By Dr. Mohammad Akram Nadwi
This man, whom God Himself has praised in the Qur’an as His ¬khalil, is the exemplar of perfected determination to know God, to be fully in His presence. This determination is expressed in what we may call, figuratively, the opening of various curtains:
The cultural curtain
Seeing through the world of his father and his people generally, who are worshipers of natural phenomena (his challenging and breaking of the idols, and demonstration of their falsity);
The natural curtain
- Seeing through the scale and majesty of natural phenomena, which are impressive yet bounded within large conditions, like time and space, whereas the God that Ibrahim seeks is unbounded (his discontent with moon and stars and sun, “I love not those that set”);
- Seeing through the apparent orderliness or predictability of natural phenomena, whereas God’s will sustains or may halt or divert that orderliness (he cannot hope for a son, himself being in advanced old age and his wife past child-bearing, but they are granted one);
- Seeing through the transience and disappearance of natural phenomena, whereas all phenomena however dispersed into their fundamental constituent particles can be (and as God wills shall be) restituted, and their properties likewise restituted including the property of having life (the birds quartered, and re-assembled at God’s command);
The human curtain
- Seeing through the fear of what the world or other people may do to him on account of his faith in God (the rightness of that faith is demonstrated when the fire (literal fire, and the fire of the human rage against him) is rendered powerless to harm him);
- Seeing through the need to pray for God’s mercy on his father and to hope for God’s favour on His descendants, whereas God’s creation is a moral (not merely a natural) order, with a right and wrong to it, and justice during it and at the end of it. (Mercy that does not encompass justice, that treats good and bad the same, is a mercy that takes no account of how an individual life was lived and therefore does not value that life.)
- Seeing through the need to cling to the life God has given, because all human hopes and human effort (including the effort to glorify God and the need to add value to what God has given, through one’s works and children) are dependent on having life, and thereby giving full assent to the ending of that life so that God’s will is entirely accepted in the confidence that His will can only be good. (Letting go of one’s own life and hopes for it is relatively easy, compared to willing the end of another’s life, which entails willing that that person now has to his credit all that he ever can have – how make that decision? What parent could will an end of all opportunity for his child, especially one so long awaited and so deeply loved? Reflecting on this gives some measure of what God demanded of His khalil.)

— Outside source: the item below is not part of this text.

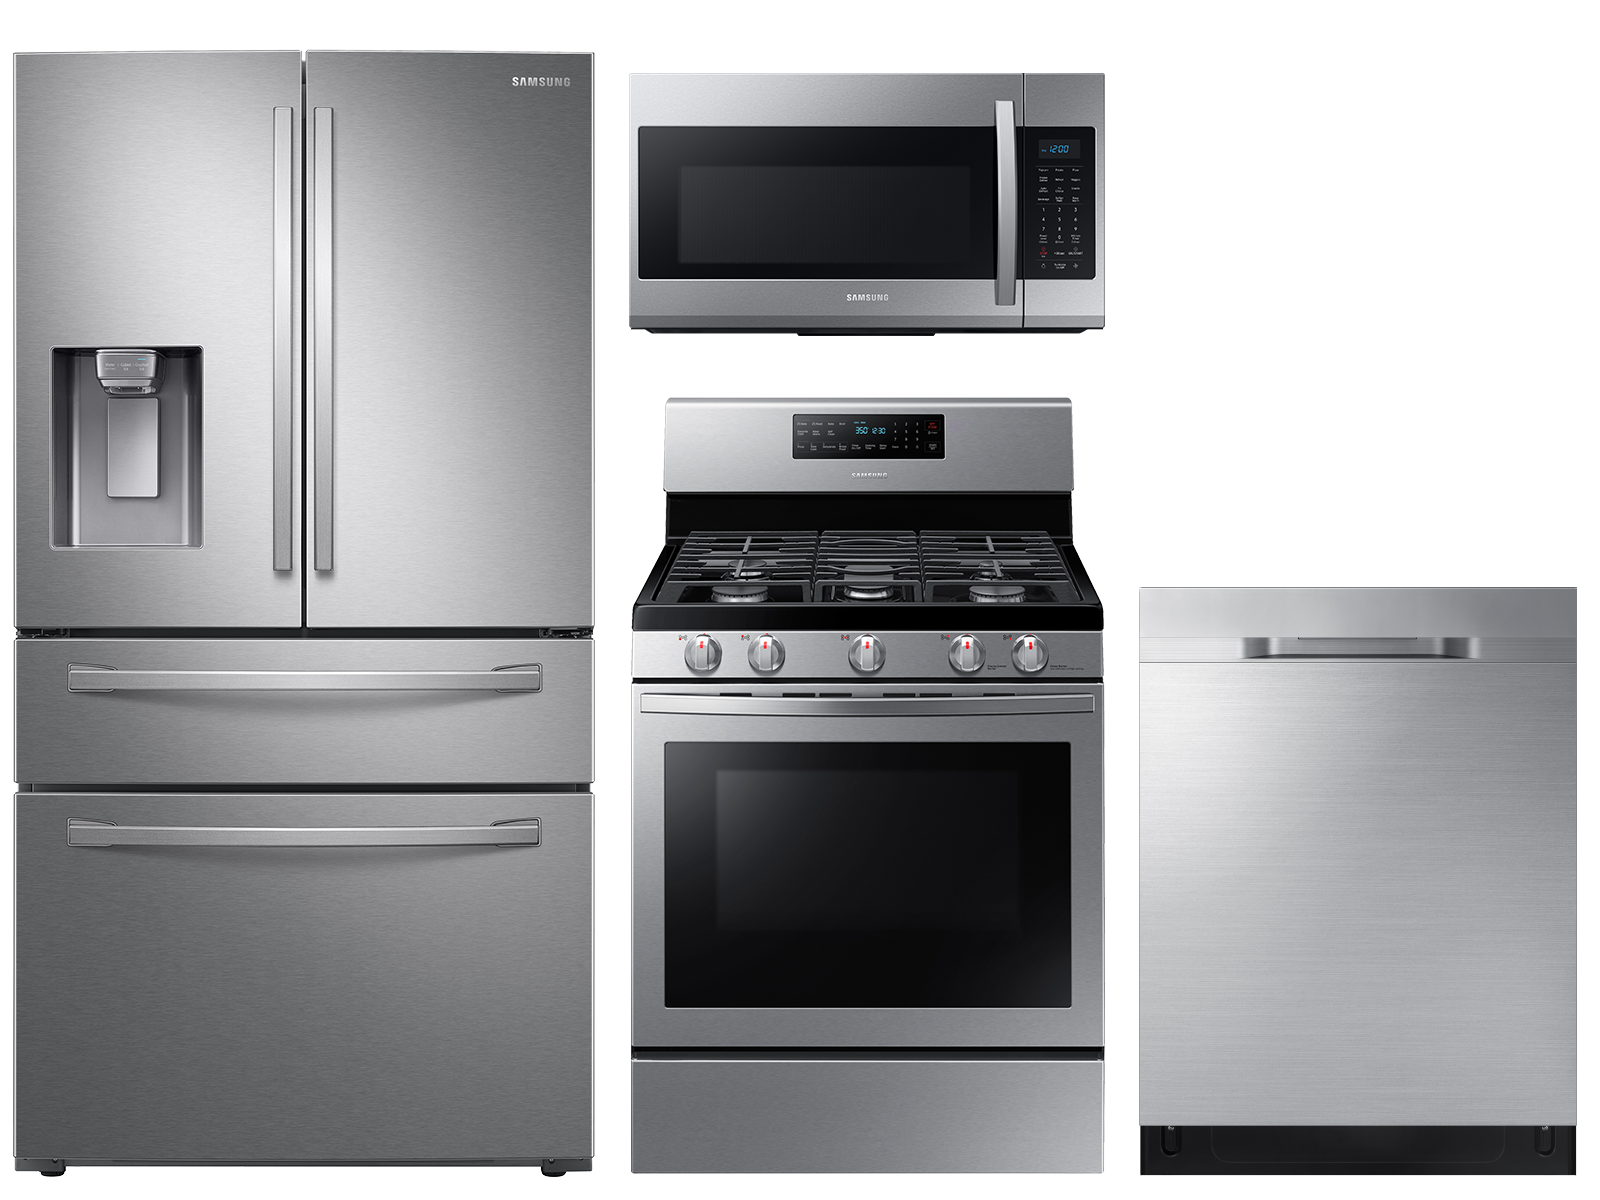 Samsung Large Capacity 4-door Refrigerator + Gas Range with Convection + StormWash™ Dishwasher + Microwave in Stainless Steel(BNDL-1646291345420)
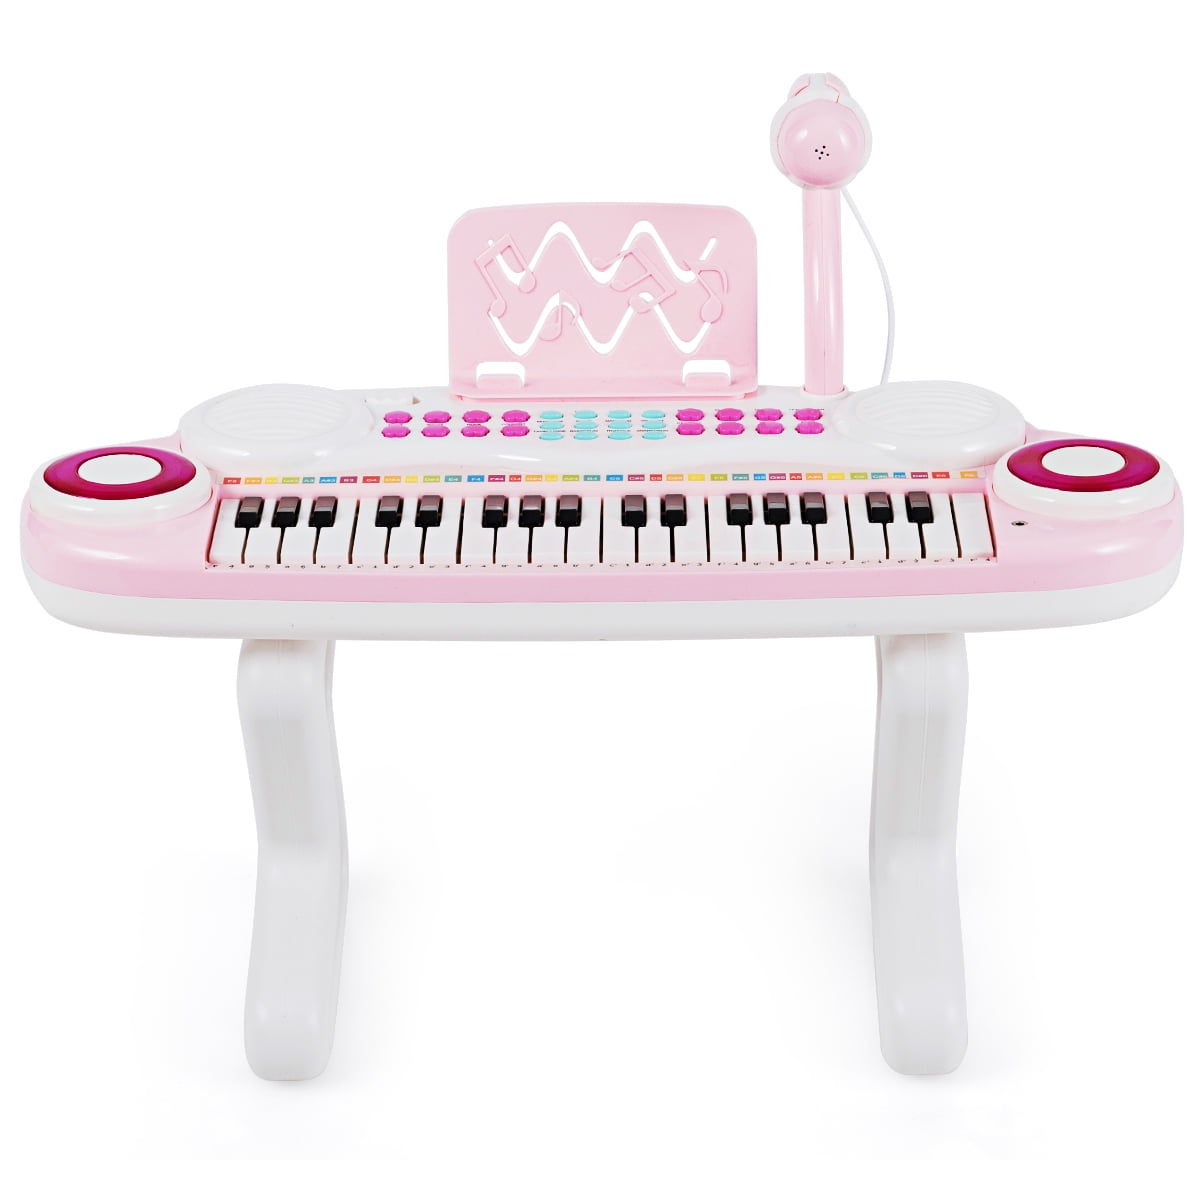 Hering Piano Country toy piano

Each of these efforts is an effort of self-transcendence within the Qur’anic narratives about him, in each of which Ibrahim `alayhi s-salam surrenders his own will in favour of God’s will. He is perfectly ready to hear and obey, without hesitation. God ennobled him with a certainty beyond the kind of certainty that is possessed while there is persuasion and proof, subject to persuasion and proof. His certainty is one that remains so firmly established that it permeates and functions in him, as blood permeates the body and the heart beats – i.e. without reasoned effort. This perfection of his person is expressed in the character of the man that inspires love, when we read about him.
- First, there is his individuality. He is a human person, with an inner life and an outer life; he stands over against God as an individual, outside of his community, who prays to Him and whose prayer is heard individually, and he stands likewise as the leader of a faith-community, umma or milla. His personal habits are tokens of his preferment, and they are followed within his faith-community..
- Secondly, there his tenderness of heart, often mentioned in the Qur’an, without the admonition that accompanies other such (compare Nuh and Musa, `alayhima as-salam). There are expressions of sorrow by Ibrahim, but no expressions of anger or rejoicing in victory. There is fear of God but not fearfulness, no uncertainty, that he may act contrarily to God’s will.
- Thirdly, there is his consciousness of his humanity, in his understanding both of his weakness and smallness compared to the majesty of creation and the majesty of God’s will (his fearfulness before his “guests” who do not eat), and of his otherness from God, his consciously not laying claim to the attributes of God (note his correction of the tyrant – who cannot make the sun rise from the west, etc.). It is a profound modesty and delicacy of temperament, found again in Muhammad, salla l-lahu `alayhi wa-sallam.
- Fourthly, there is his being a perfect believer, the ikhlas of whose faith is linked through the Qur’an and the centrality of the hajj with the perfected religion, the din of Islam.